**Task to carry out**
Would you transcribe exactly the lines from the one containing "KICKOFF MEETING text" to the last line of the data below, both ends included, but none of the pictures?

**Dataset content**
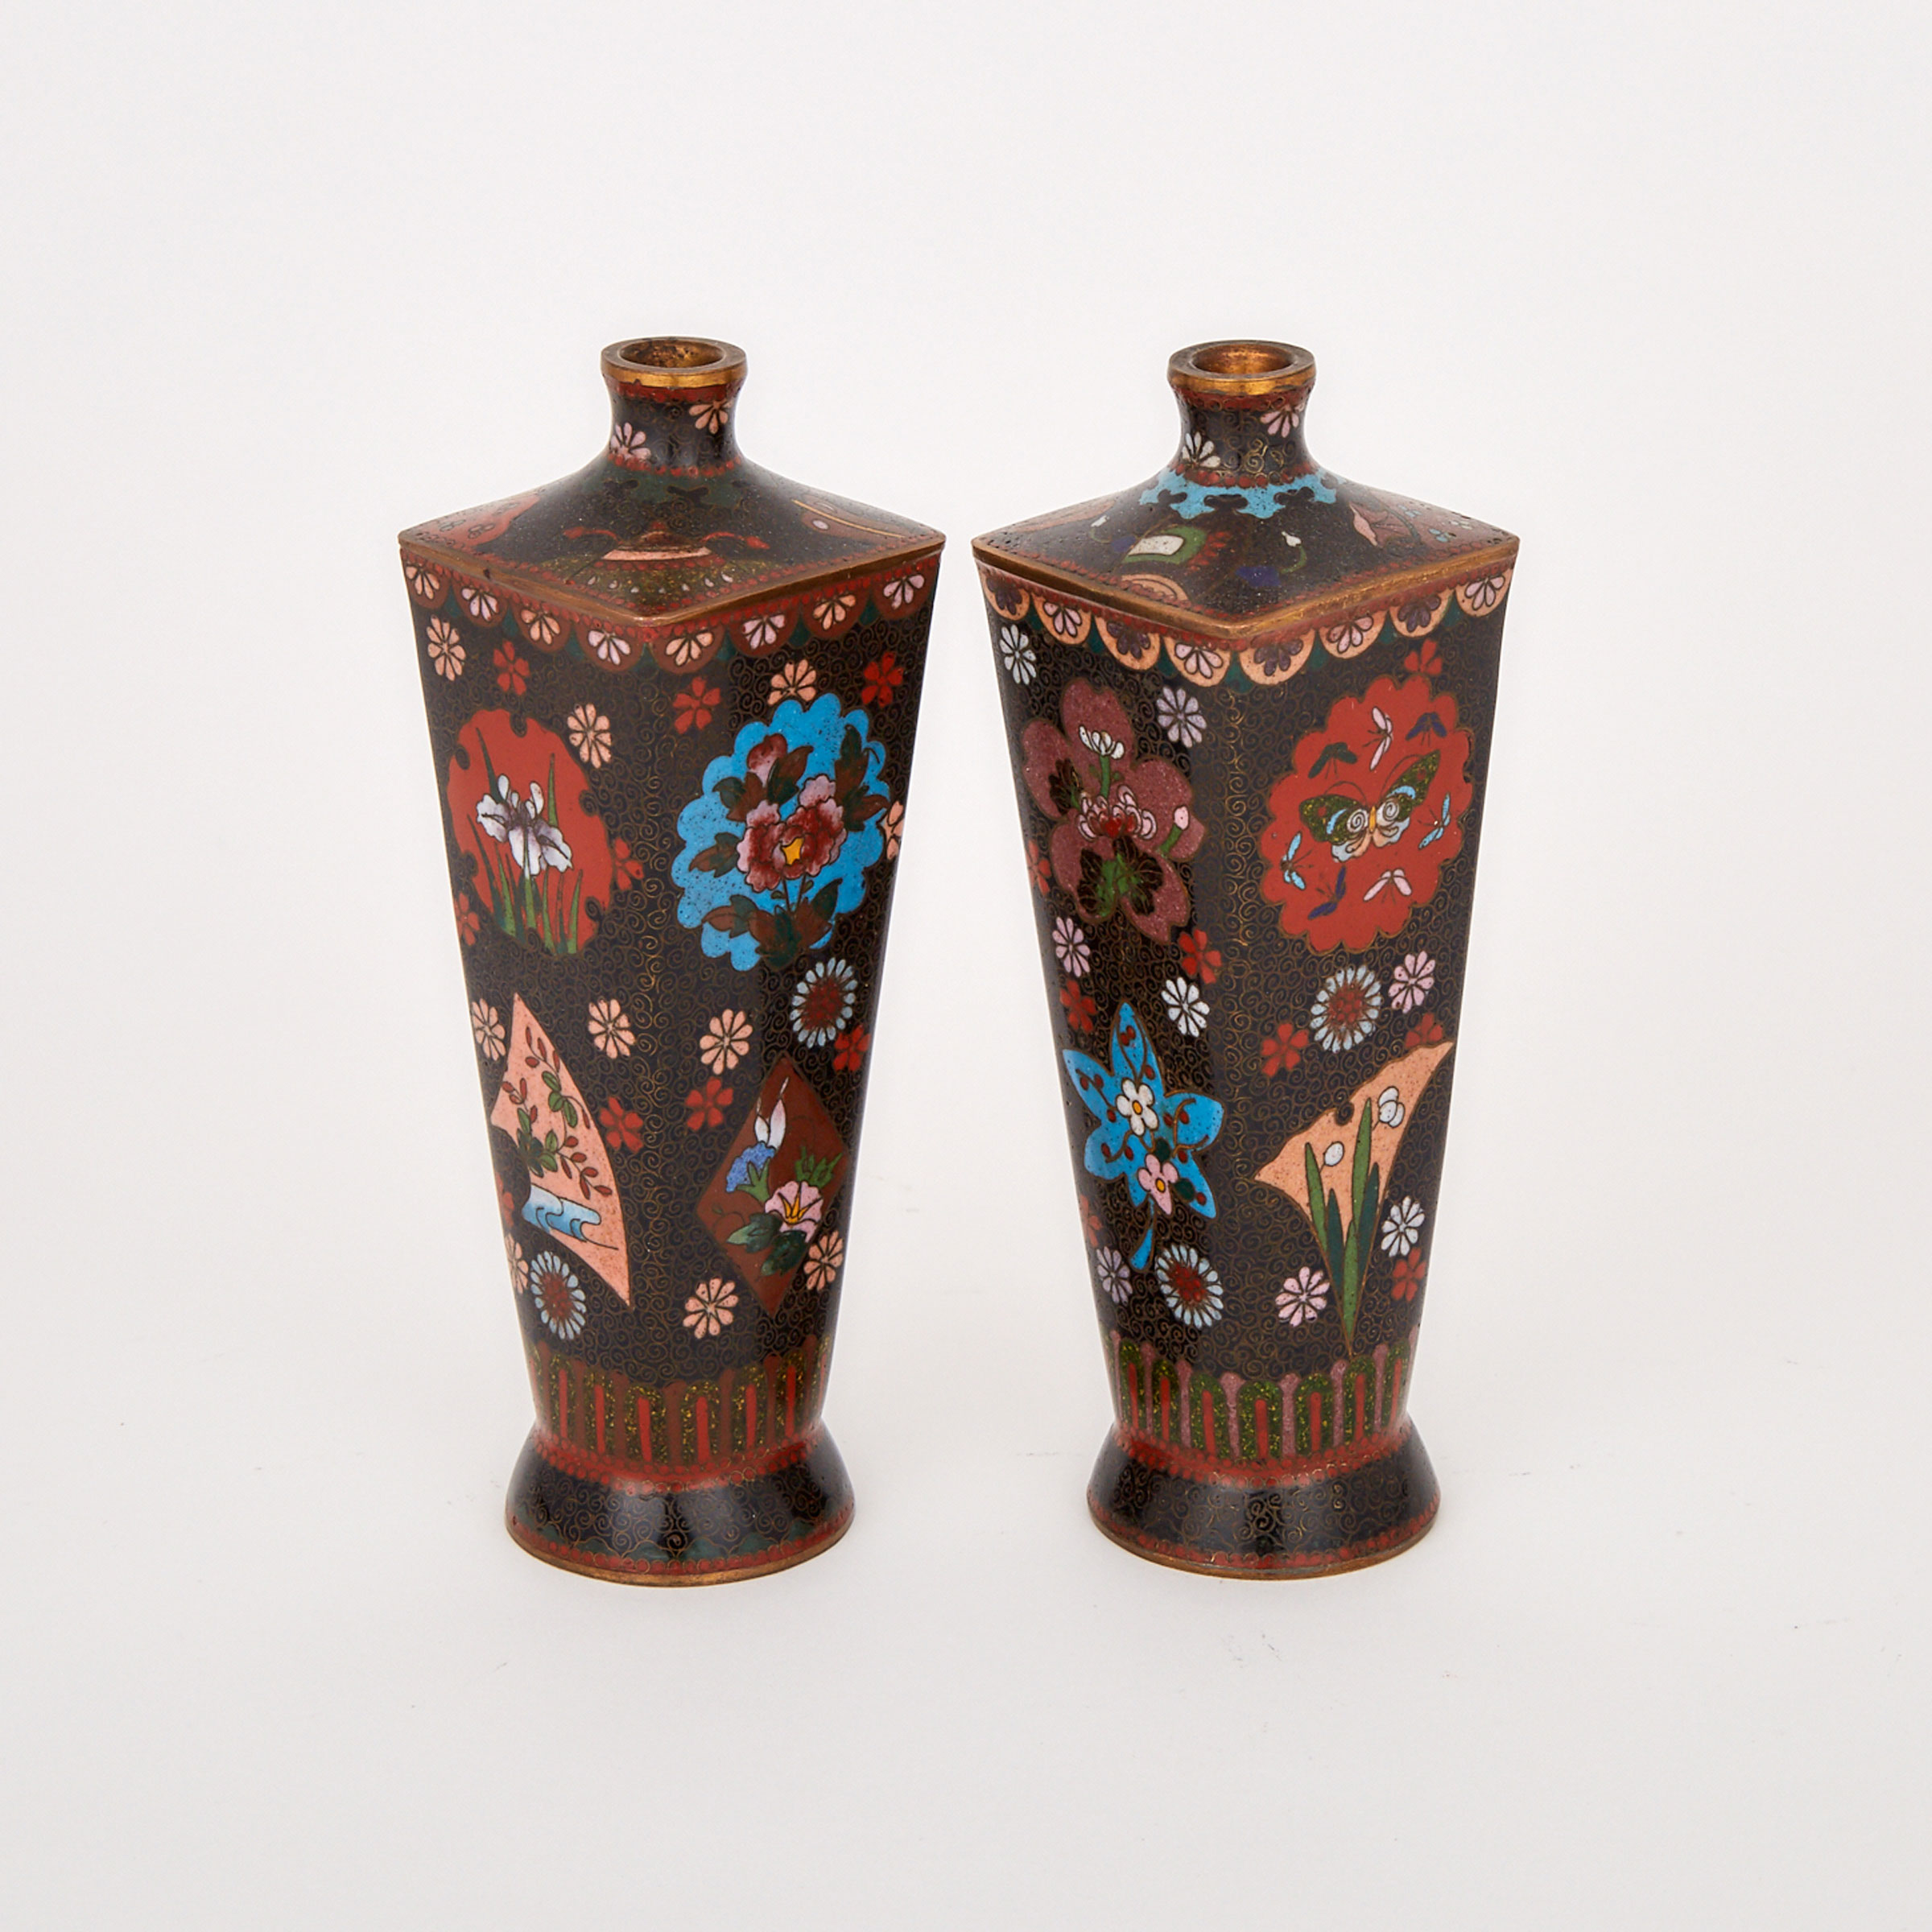 A Pair of Miniature Square Tapering Cloisonné Vases
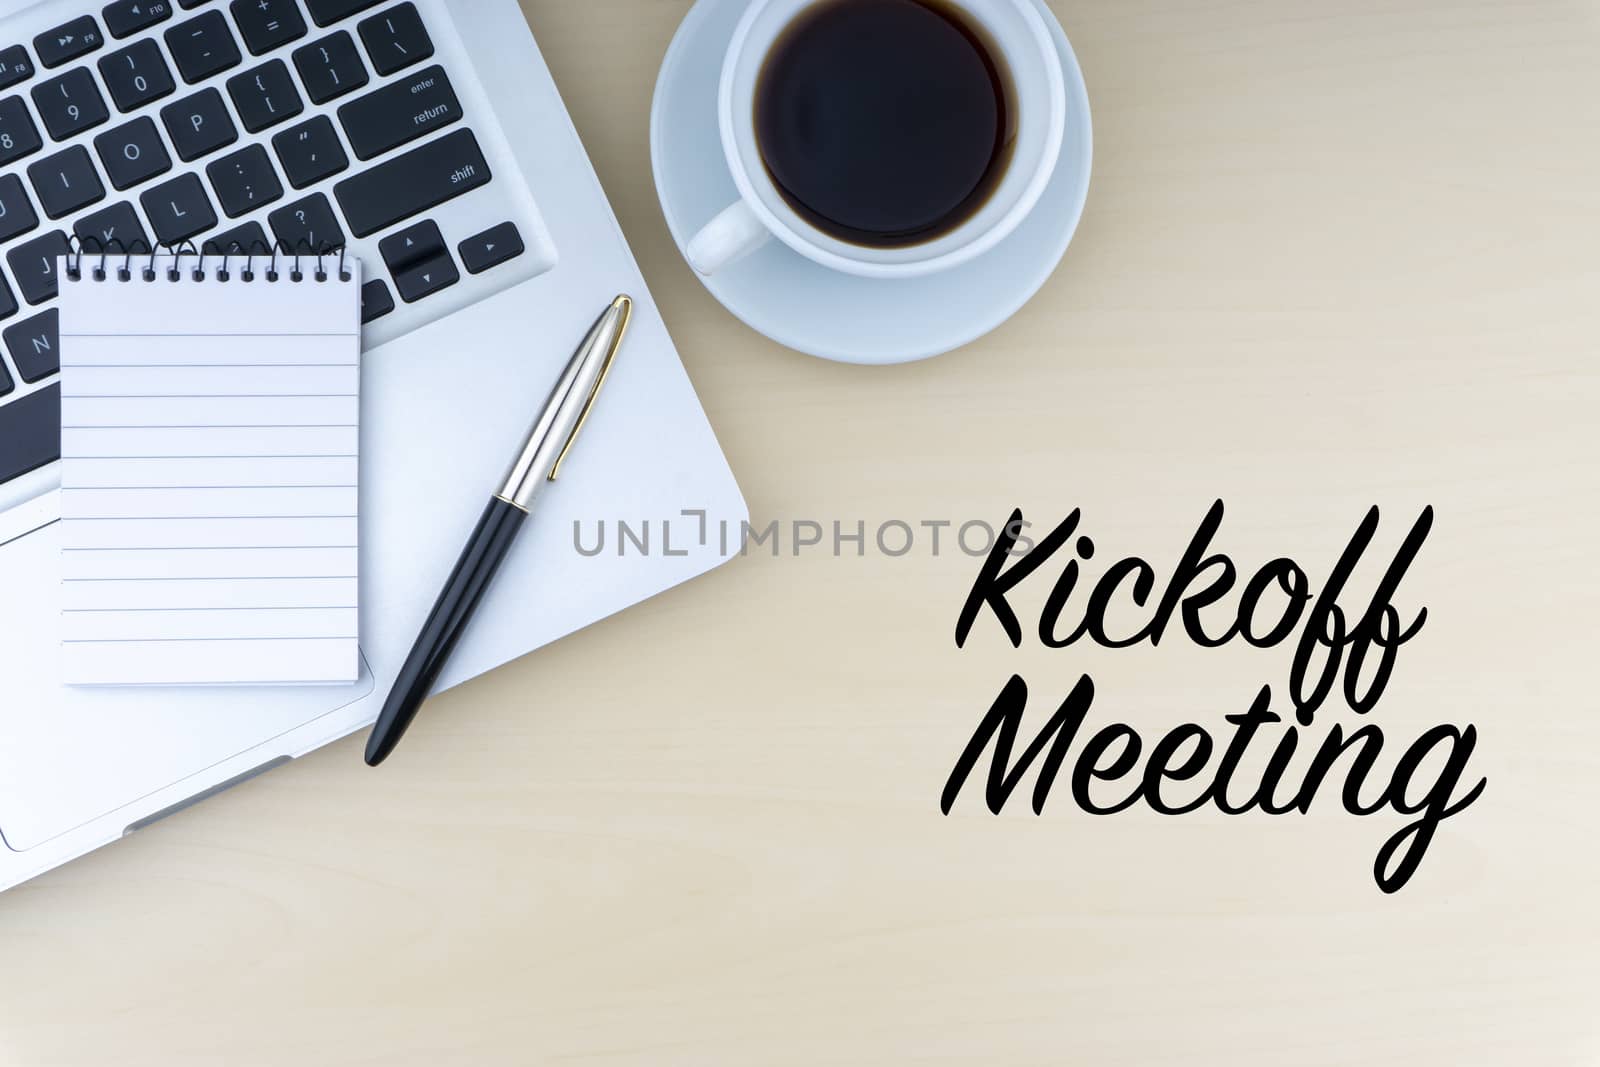 KICKOFF MEETING text with fountain pen, notepad, laptop and cup of coffee on wooden background by silverwings
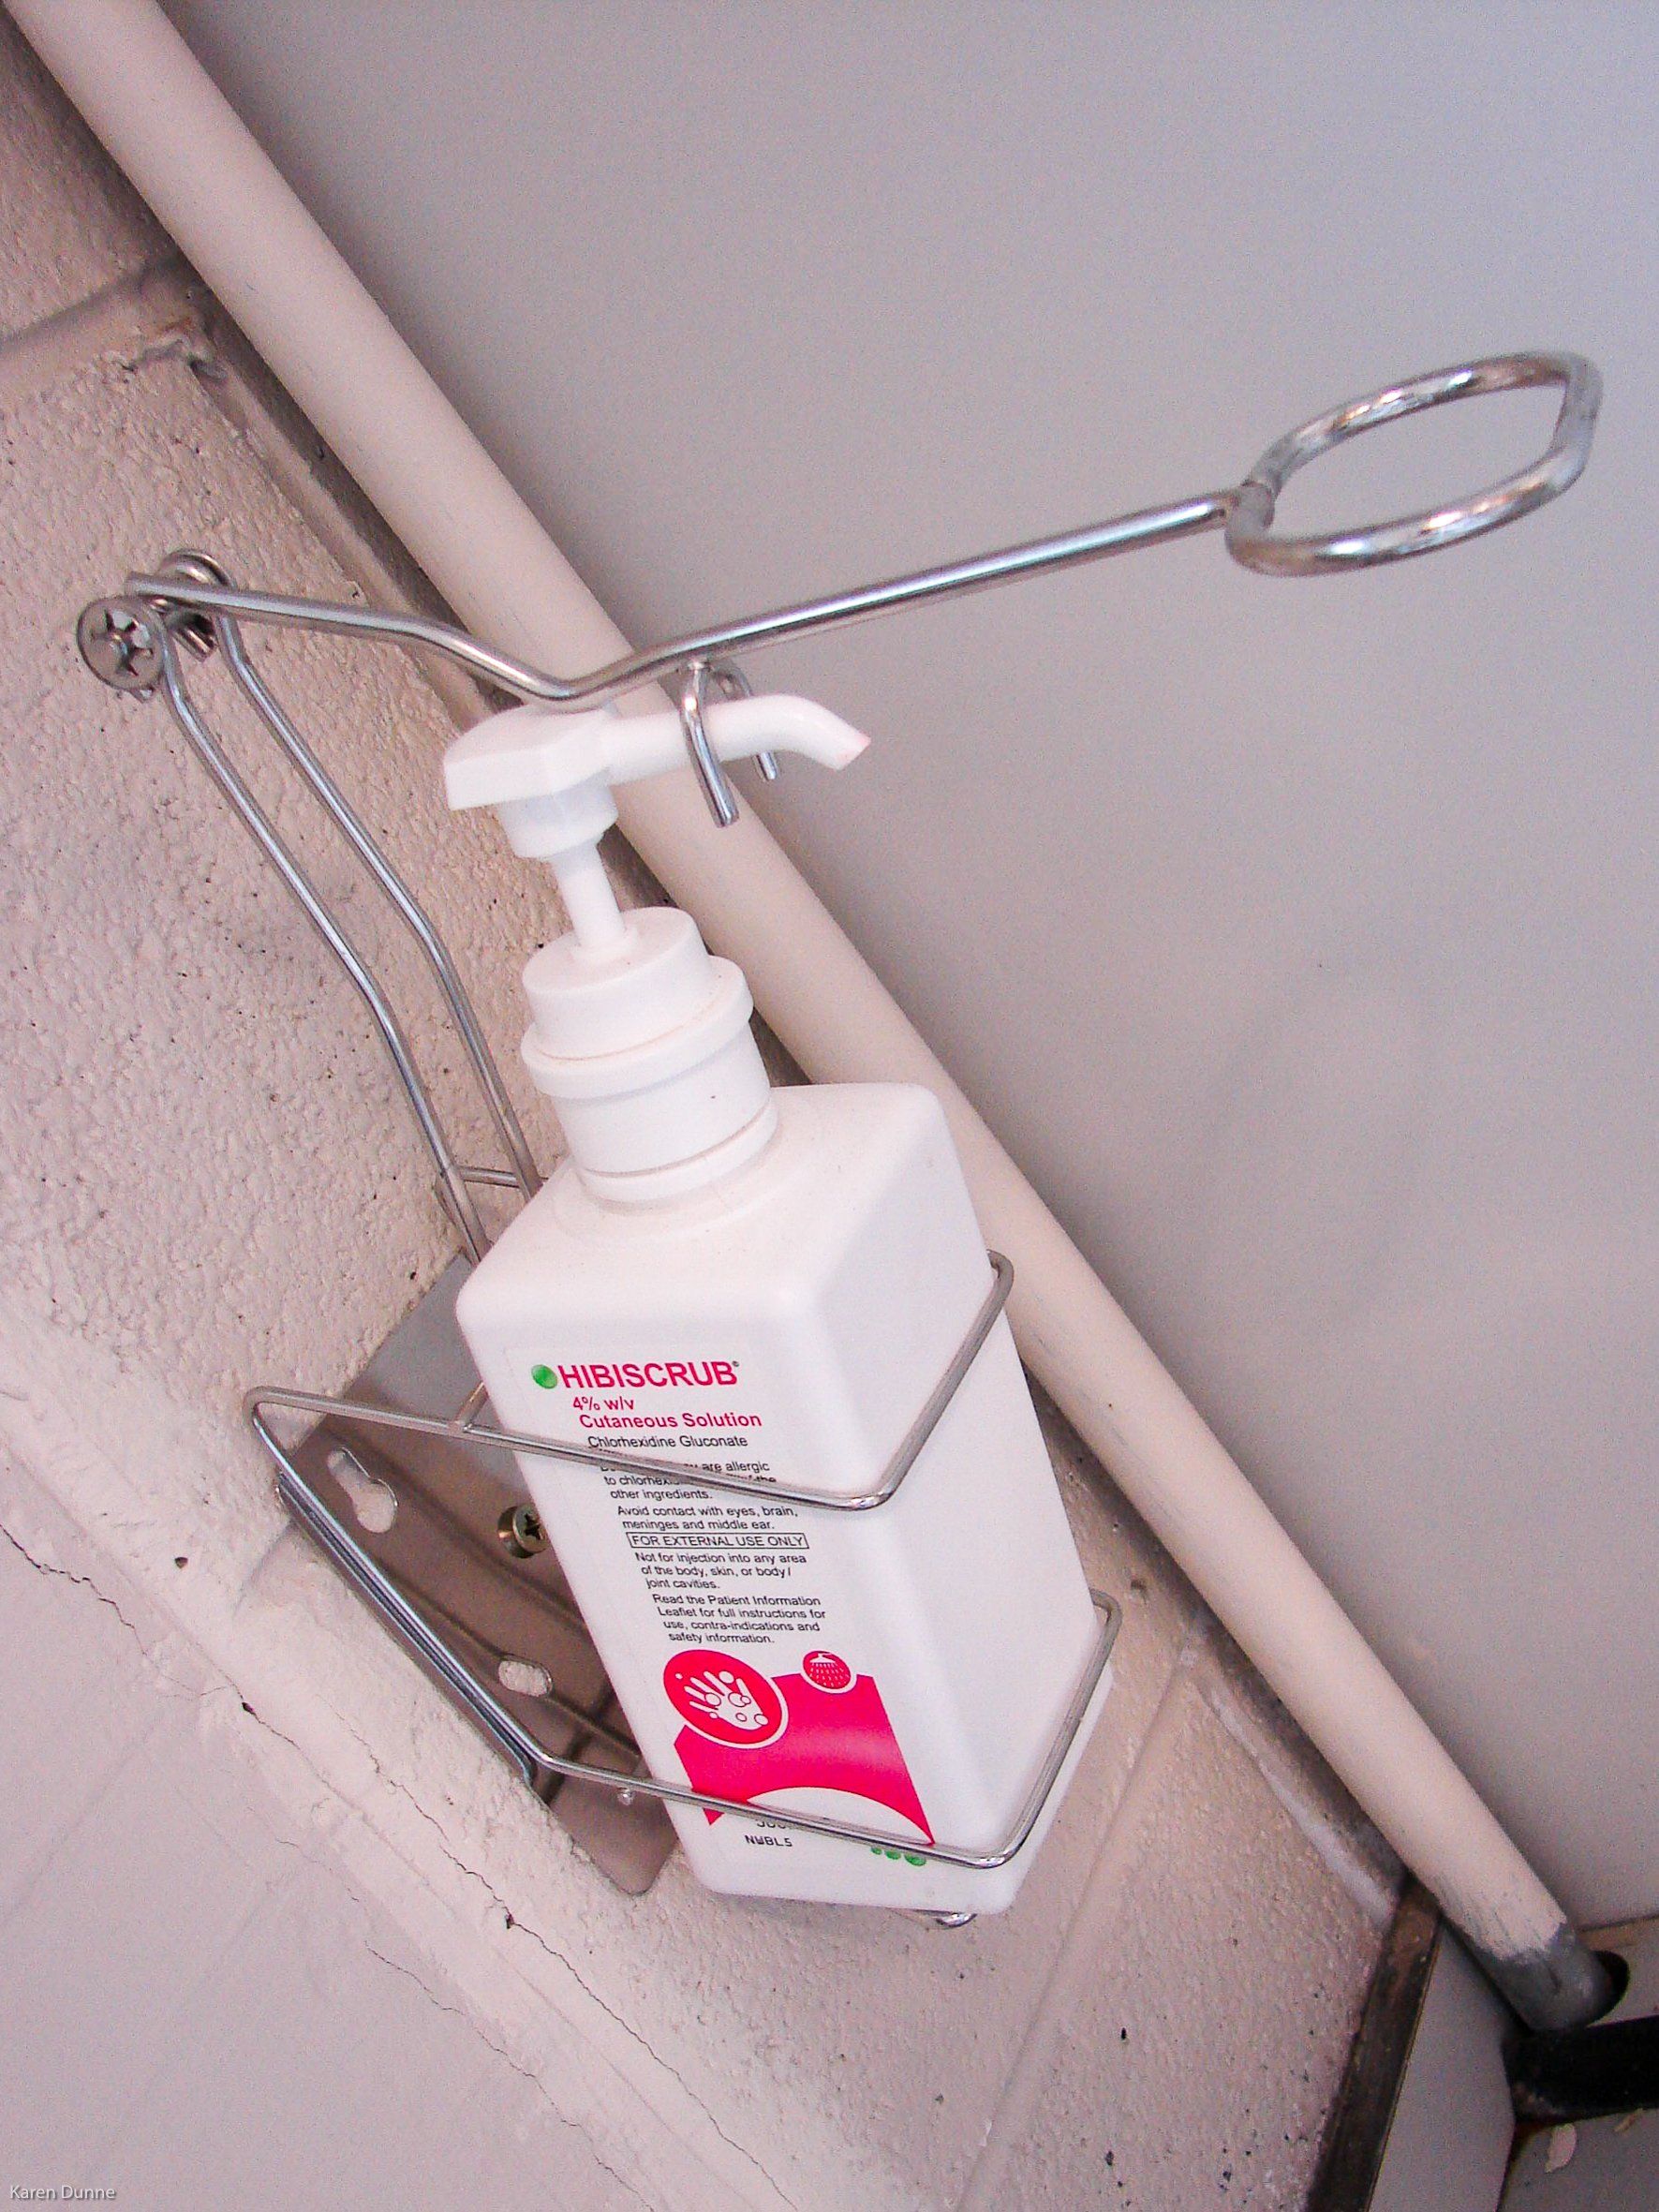 Elbow-operated soap dispenser

**Result for this task**
 KICKOFF MEETING text with fountain pen, notepad, laptop and cup of coffee on wooden background by silverwings
 Elbow-operated soap dispenser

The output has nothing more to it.